To pause a workflow, add the following command to the top of the script running inside your workflow:

while ! [ -f /done.txt ] ; do sleep 1 ; done

This causes the workflow to halt, and wait until the file /done.txt is created, after which it resumes.

For example, your workflow might contain the following:

workflow:
  tasks:
  - name: my_task
    command: bash
    args: ["/tmp/script.sh"]
    files:
    - path: "/tmp/script.sh"
      contents: |
        while ! [ -f /done.txt ] ; do sleep 1 ; done
        # The rest of script here ...

After the workflow starts and halts, this should give you a chance to shell into the workflow (See Interactive Workflows) and potentially modify files. After you are finished with the shell, you can resume the workflow by creating the /done.txt file with the following command:

$ touch /done.txt

How to force cancel a workflow?#

When a cancel request for a workflow is submitted, it is canceled asynchronously. If the resources associated with the workflow are not cleaned up properly on the backend, the incoming workflows are in a PENDING state. Forcing a cancel frees the resources instantaneously.
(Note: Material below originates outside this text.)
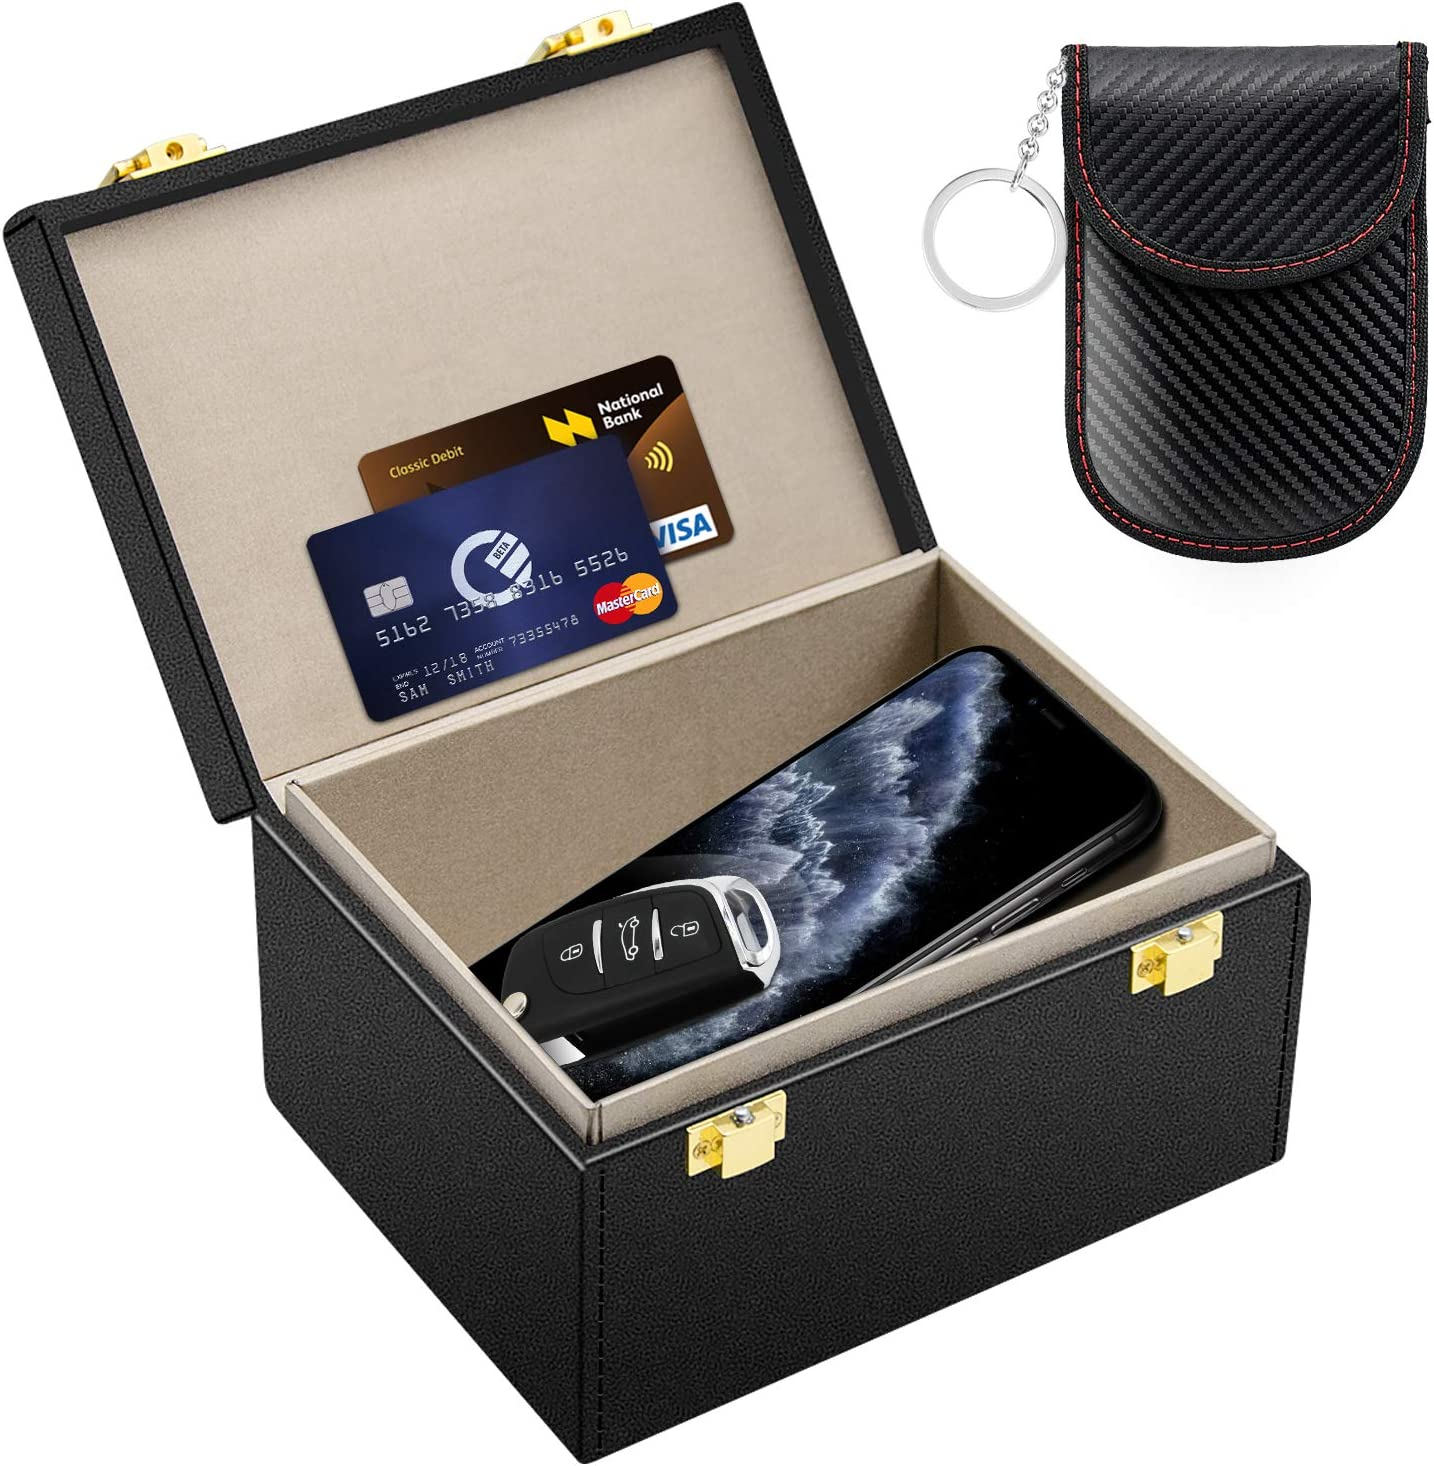 Kolaura Faraday Box for Car Keys, Signal Blocker, Car Key Signal Blocker Box with Car Security Key Pouch, RFID Blocking Key Box for Phone Call, Cards, Anti-Theif Keyless Box

To force cancel a workflow, use the --force flag:

$ osmo workflow cancel --force <workflow_id>

Note

To learn more about the cancel CLI, go to cancel.

How to stop a hanging workflow without canceling it?#

In cases your workflow is hanging and you want to stop it but still have OSMO upload your output data, you can use the osmo exec command. For example:

$ osmo workflow exec <workflow_id> <task_id> --entry "/bin/sh -c \"kill -9 \\\$( ps aux | grep '[p]ython' | head -n1 | awk '{print \\\$2}' )\""

This command will kill the first python process running in the workflow and allow OSMO to upload the output data.

It is equivalent to first shell into the task and then run the command manually:

$ osmo workflow exec <workflow_id> <task_id>

$ /bin/sh -c "kill -9 $( ps aux | grep '[p]ython' | head -n1 | awk '{print $2}' )"

How to reschedule a running task?#

If you have a task that is hanging and you want to reschedule it, you can configure exit actions in your workflow specification.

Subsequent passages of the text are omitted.